Булгакова не обманывали, объясняя ему запрет пьесы тем, что «нельзя такое лицо, как И.В. Сталин, делать романтическим героем, нельзя ставить его в выдуманные положения и вкладывать в его уста выдуманные слова». Но дело было не в том, что эти положения и слова были выдуманы, а в том, КАКИЕ это были положения и КАКИЕ слова.
В пьесе Шалвы Дадиани Сталин тоже был выведен романтическим героем. И в той пьесе тоже были и выдуманные положения, и выдуманные слова:
Сталин
Ленин.
А мы только что о вас говорили — пламенный колхидец, не так ли?Сталин
Ленин.
Давайте вашу руку.Такие — явно выдуманные! — и слова, и положения Сталина вполне устраивали. Но Сталин, готовый прийти в отчаяние от того, что ему некуда пойти переночевать, продрогший от холода до костей, не находящий в себе сил, чтобы отойти от огня, голодный, не умеющий совладать со своей смертельной усталостью, — нет, такой «Сталин» Сталина устроить не мог.
Да, конечно, пьеса, которую от Булгакова ждали, должна была пробуждать в зрителе любовь «к товарищу Сталину». Но — не любовь-сочувствие и, разумеется, не любовь-жалость, а — любовь-обожание. А лучше всего — любовь-страх, любовь, основанную на страхе.
Человек, помнивший Сталина еще по его работе в Наркомнаце, рассказывал мне, что в свой Наркомат Сталин являлся незаметно и на всем протяжении трудового дня старался как можно реже показываться на глаза сотрудникам. Когда его однажды спросили, почему он так себя ведет, он буркнул в ответ:
— Меньше будут видеть, больше будут бояться.

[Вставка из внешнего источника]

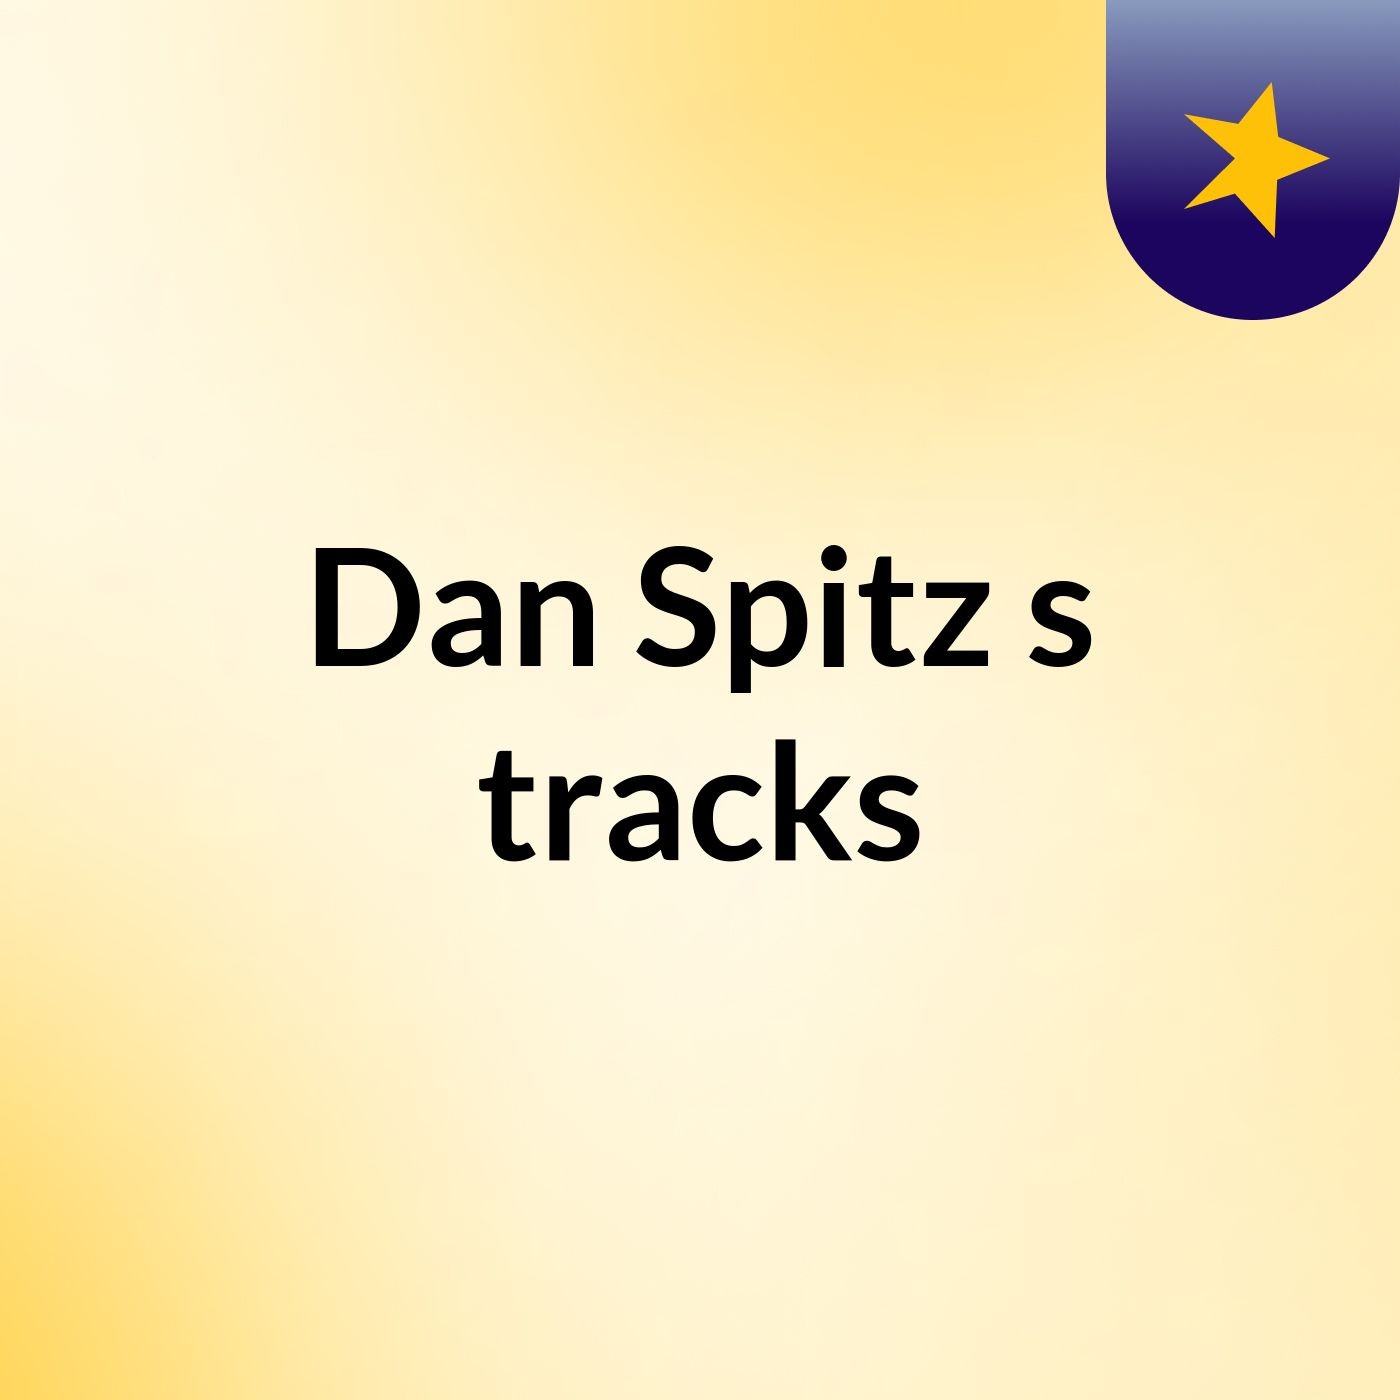 Dan Spitz's tracks

Когда в фильме «Падение Берлина» Сталин в ослепительно-белом мундире спускался с трапа самолета, — как ангел с неба, — навстречу ему кидалась проходившая через весь фильм знакомая ему девушка. Подбежав к нему, она, не в силах сдержать своих чувств и в то же время выражая чувства всего советского народа, восклицала:
— Можно я вас поцелую, товарищ Сталин!
В сценарии после этой реплики следовала ремарка: «Бросается ему на шею». Но в фильме она не бросалась Сталину на шею, а, произнеся эту свою коронную реплику, целовала вождя «в плечико».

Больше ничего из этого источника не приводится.